Monastic women authors, so often keen on preserving the words of their (choir) sisters, show little interest in the inner lives of their servants and lay sisters. Authors of the Schwesternbücher from fourteenth-century Germany, especially Elsbeth Stagel of Töss and Katharina von Gebersweiler, offer miniature hagiographies of exceptional lay sisters like Gertrude of Saxony (with all the attendant questions about whether these connect to reality, or to the choir sister’s ideal). The brilliant and courageous Caritas Pirckheimer, prioress of the Dominican Katharinenkloster during the Reformation, is a rare case of referring to some servants by name. But even she writes of the city in the clutch of Reformers:
“Sometimes rather angry, audacious fellows surrounded the cloister and threatened our servants that they were about to attack the cloister on that very night, so we were very afraid and worried and could hardly sleep from fear.” [1]
Pirckheimer tells us the what that happened to the servants, but both the “we” and the emotional reaction (it is clear in context) only apply to the choir sisters.
However, these women joined convents rather than seeking secular employment for a reason. They had spiritual goals and spiritual lives of their own, but they seem almost completely silenced.
To make matters worse: an even rarer case where a lay sister is allowed an actual voice, in the spiritual autobiography of 14th-century Dominican nun Margaretha (Margaret) Ebner, the picture is hardly flattering.

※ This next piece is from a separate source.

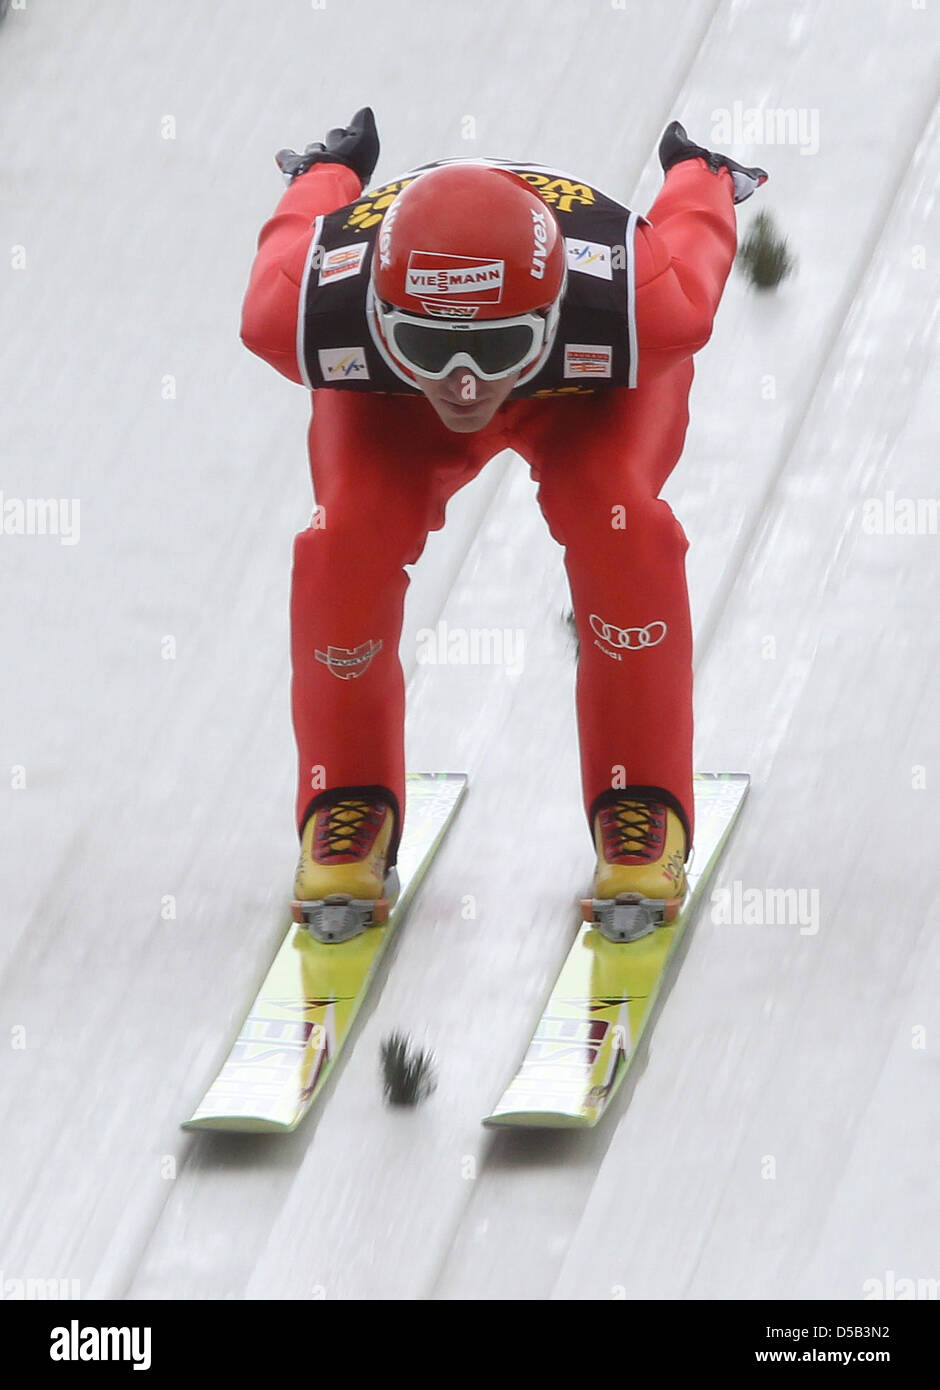 Der deutsche Skispringer Michael Uhrmann springt am Samstag (02.01.2010) in Innsbruck (Österreich) beim Trainingsdurchgang dritten Station der 58. Vierschanzentournee von der Bergiselschanze. Der weitere Trainingsdurchgang sowie die Qualifikation am Samstag wurden aufgrund der Wetterbedingungen abgesagt. Foto: Daniel Karmann dpa/lby Stock Photo

In 1324, Ebner and the other nuns of Maria Medingen had to flee their convent for safety during a flare-up of fighting between yet another Holy Roman Emperor and yet another pope. Ebner reports that the convent prayed feverishly for protection. She even had a vision of the convent filled with “poor people” [souls in purgatory] who instructed her to pray vigils to God on their behalf for the health of the community.
But the war came too close. Rather than move to a different Dominican house, the usual practice, Ebner records in her Offenbarungen that she returned to her mother’s family home at Donauwörth. But she did not go alone:
I continued reading vigils [for the souls in purgatory]. I had a lay sister (weltlich swester) with me who was sad because I read vigils so much, and she was very angry about it and said it would do me woe. Then she saw one time that the house was full of poor souls and they said to her, “As you will not pray for us, do not begrudge that others pray for us.” [2]
Ebner presents a picture of a lay sister who cannot comprehend the importance or the point of an actual monastic life—who does not, it seems, even understand prayer. And it hinders her to the extent of trying to deny Ebner the chance to pray with the goal of the safety of her community—the community they both supposedly belong to.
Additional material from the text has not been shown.